I’m crazy, right? Maybe, but here is why I say it. By creating a premium-priced, niche market for ‘ethical consumption’, companies have been able to present a responsible front to the world, while leaving the vast majority of their products – which are, by implication, less ethical, less responsible, less sustainable – unquestioned and unchanged. At the same time, a small group of usually well-to-do Western consumers have been able to ease their conscience by feeling that they are making a positive difference.

Now let me be clear. I am not against organic or fair-trade or eco-friendly products per se. That wouldbe insane. Clearly, there are groups of producers – usually poor farmers in the Third World – that have benefited from these initiatives. What I am against is the voluntary nature and premium pricing of sustainable and responsible products. The combination of these two factors has ensured that, with one or two exceptions, these products have never gone to scale.

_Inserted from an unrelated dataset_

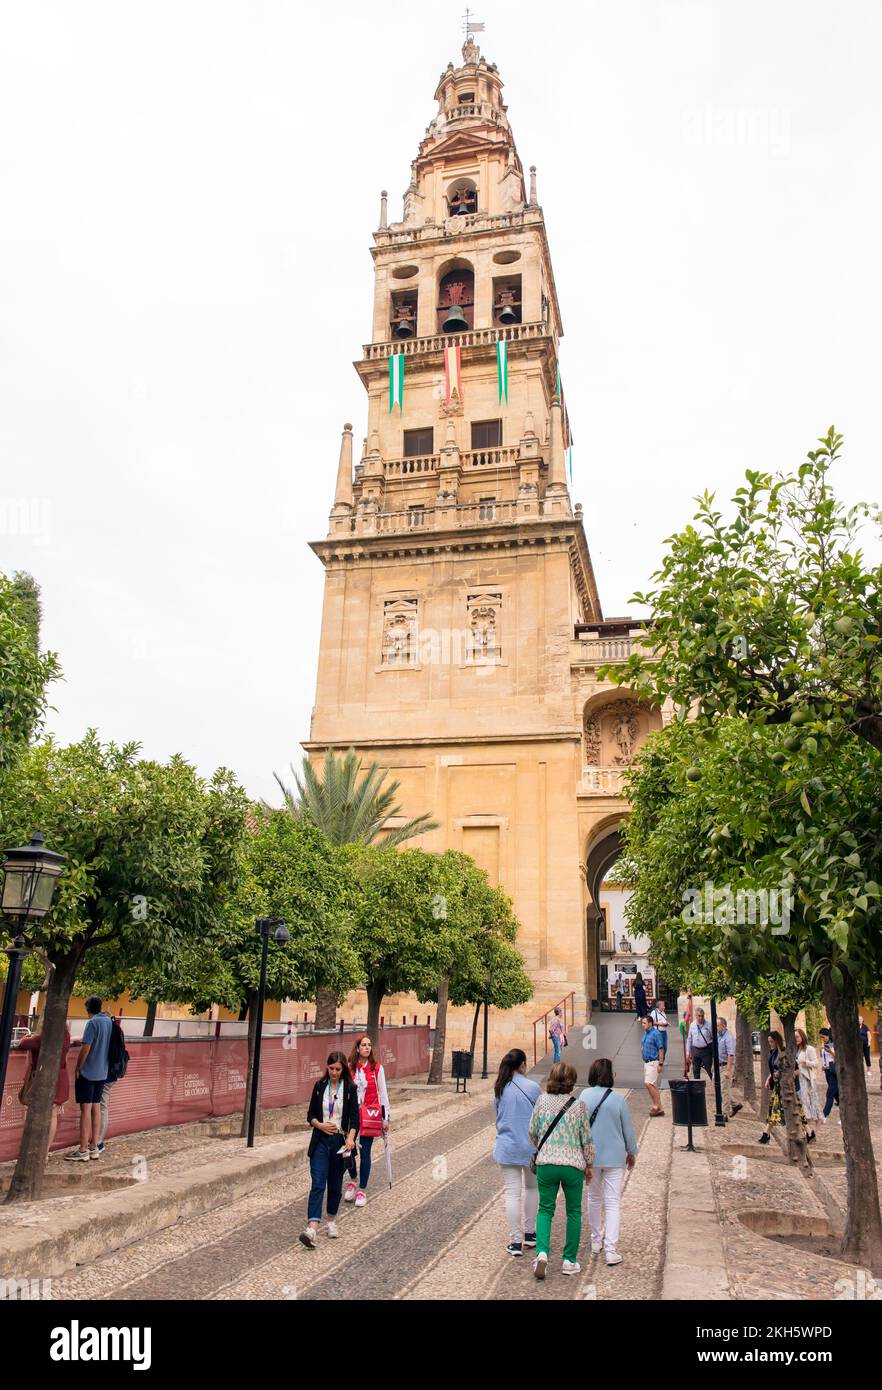 Bell Tower of the Mosque-Cathedral of Cordoba, Andalusia, Spain Stock Photo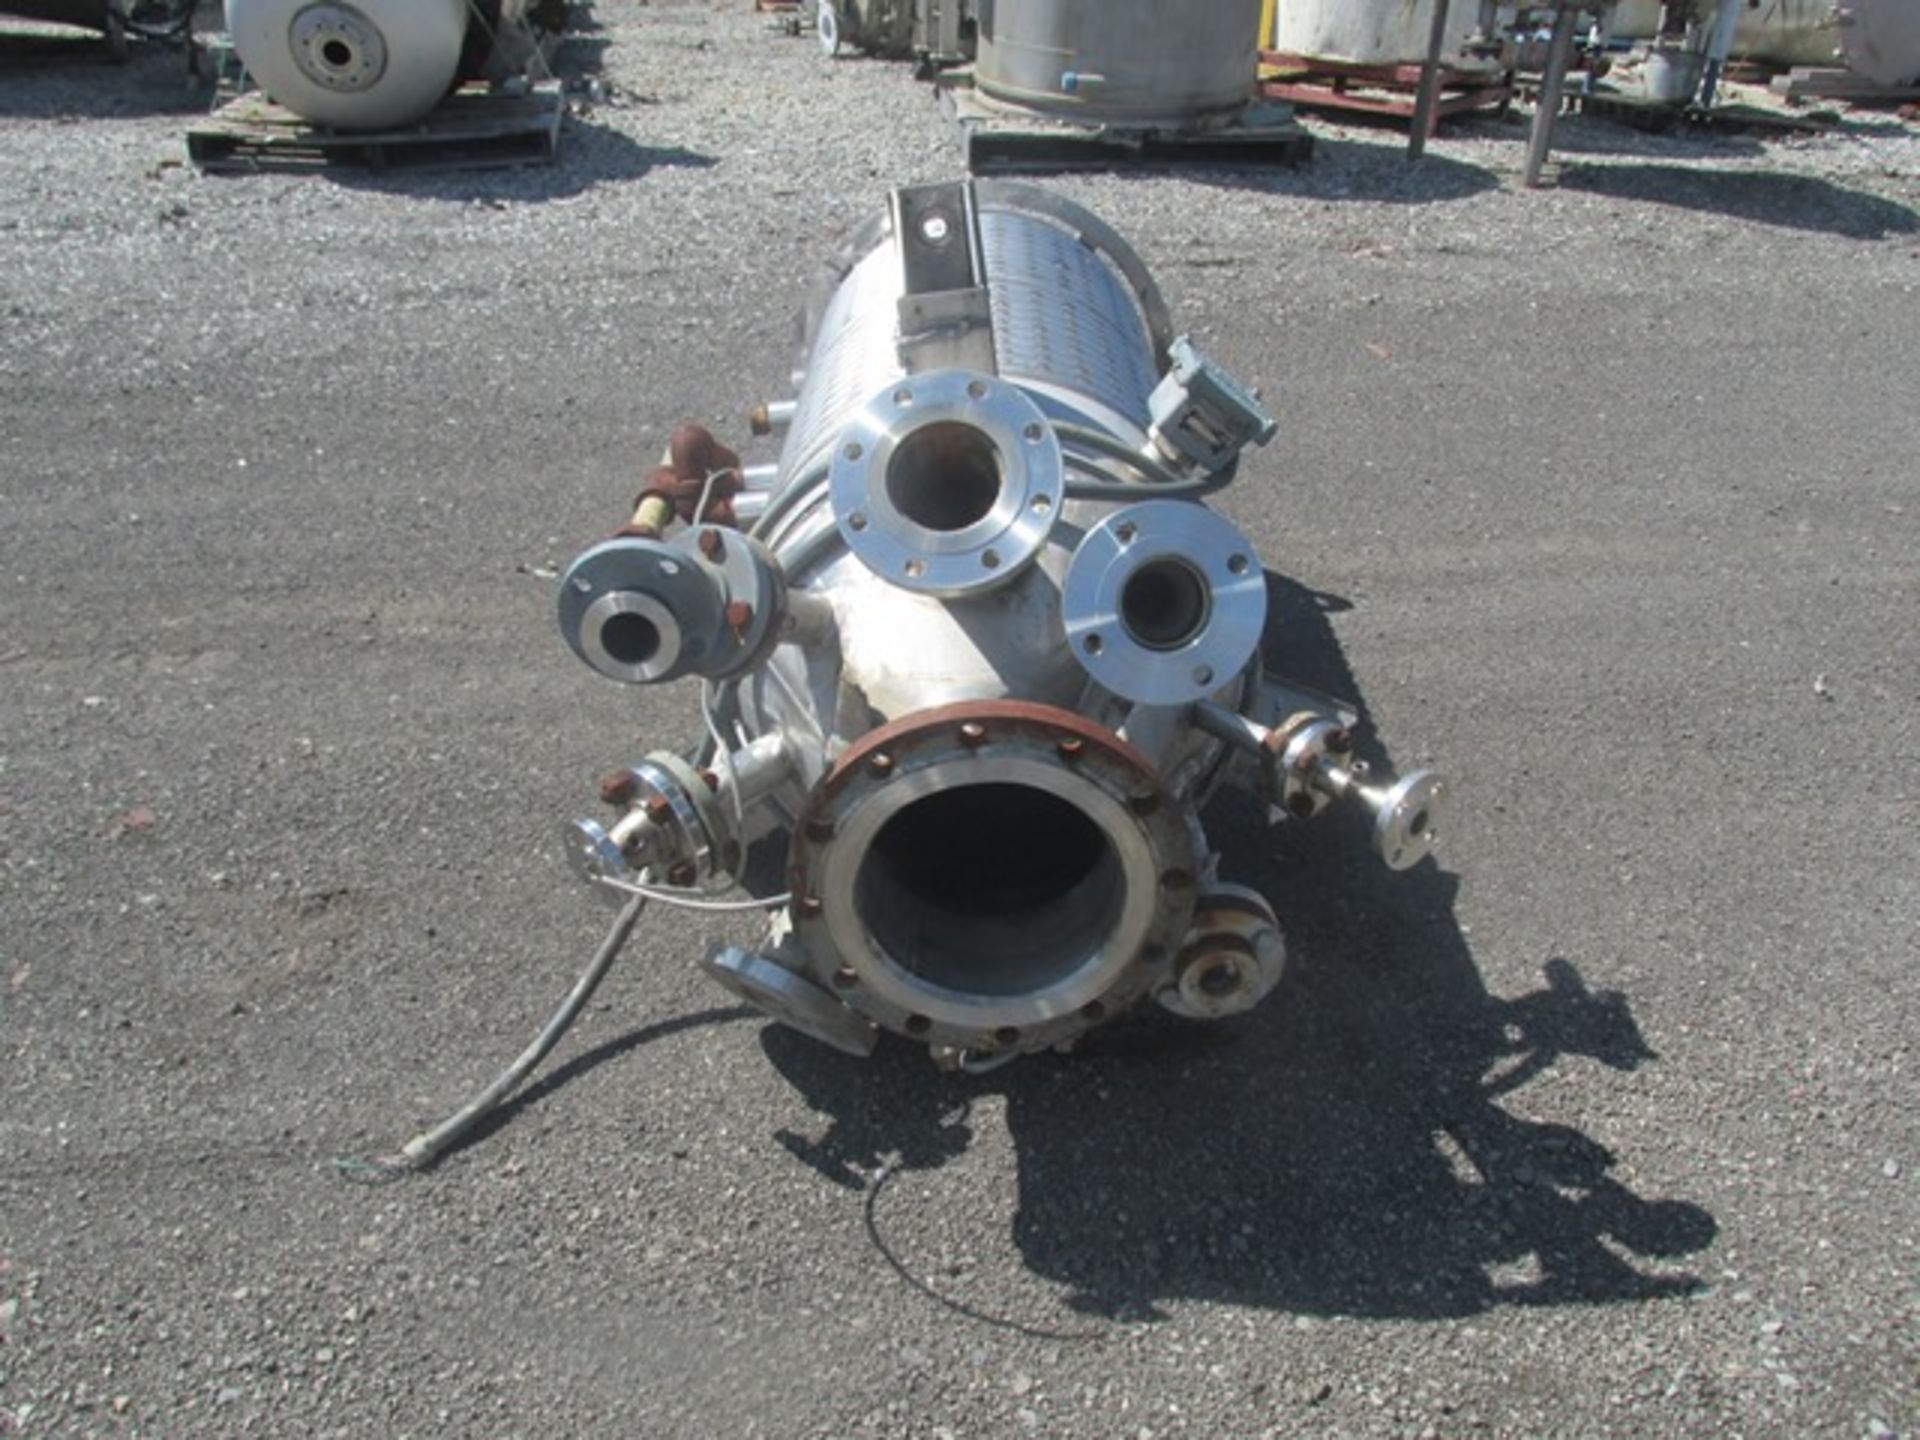 100 gallon Tolan reactor body, stainless steel construction,approx. 24" diameter x 48" straight side - Image 4 of 9

As compared with the total and ongoing impacts of mainstream shopping habits, ethical consumption, laudable as it is, has remained marginal at best and totally insignificant at worst.

The UK’s Sustainable Consumption Roundtable says, ‘we know that there is a considerable gap – the so-called ‘value-action gap – between people’s attitudes, which are often pro-environmental, and their everyday behaviors’. We know the ‘value-action’ gap is partly explained by price and availability of alternatives, but there’s something else. Context matters as well.

To illustrate this, Timothy Devinney, author of The Myth of the Ethical Consumer, reports on a very interesting experiment he conducted while researching his book. The experiment took place at a coffee shop in central Sydney, Australia, over a period of several weeks. This coffee shop displayed a large and prominent sign indicating the products available, their prices and active specials. To this was added, quite obtrusively, another special, indicating: We have Fair Trade coffee! No extra charge. Just ask.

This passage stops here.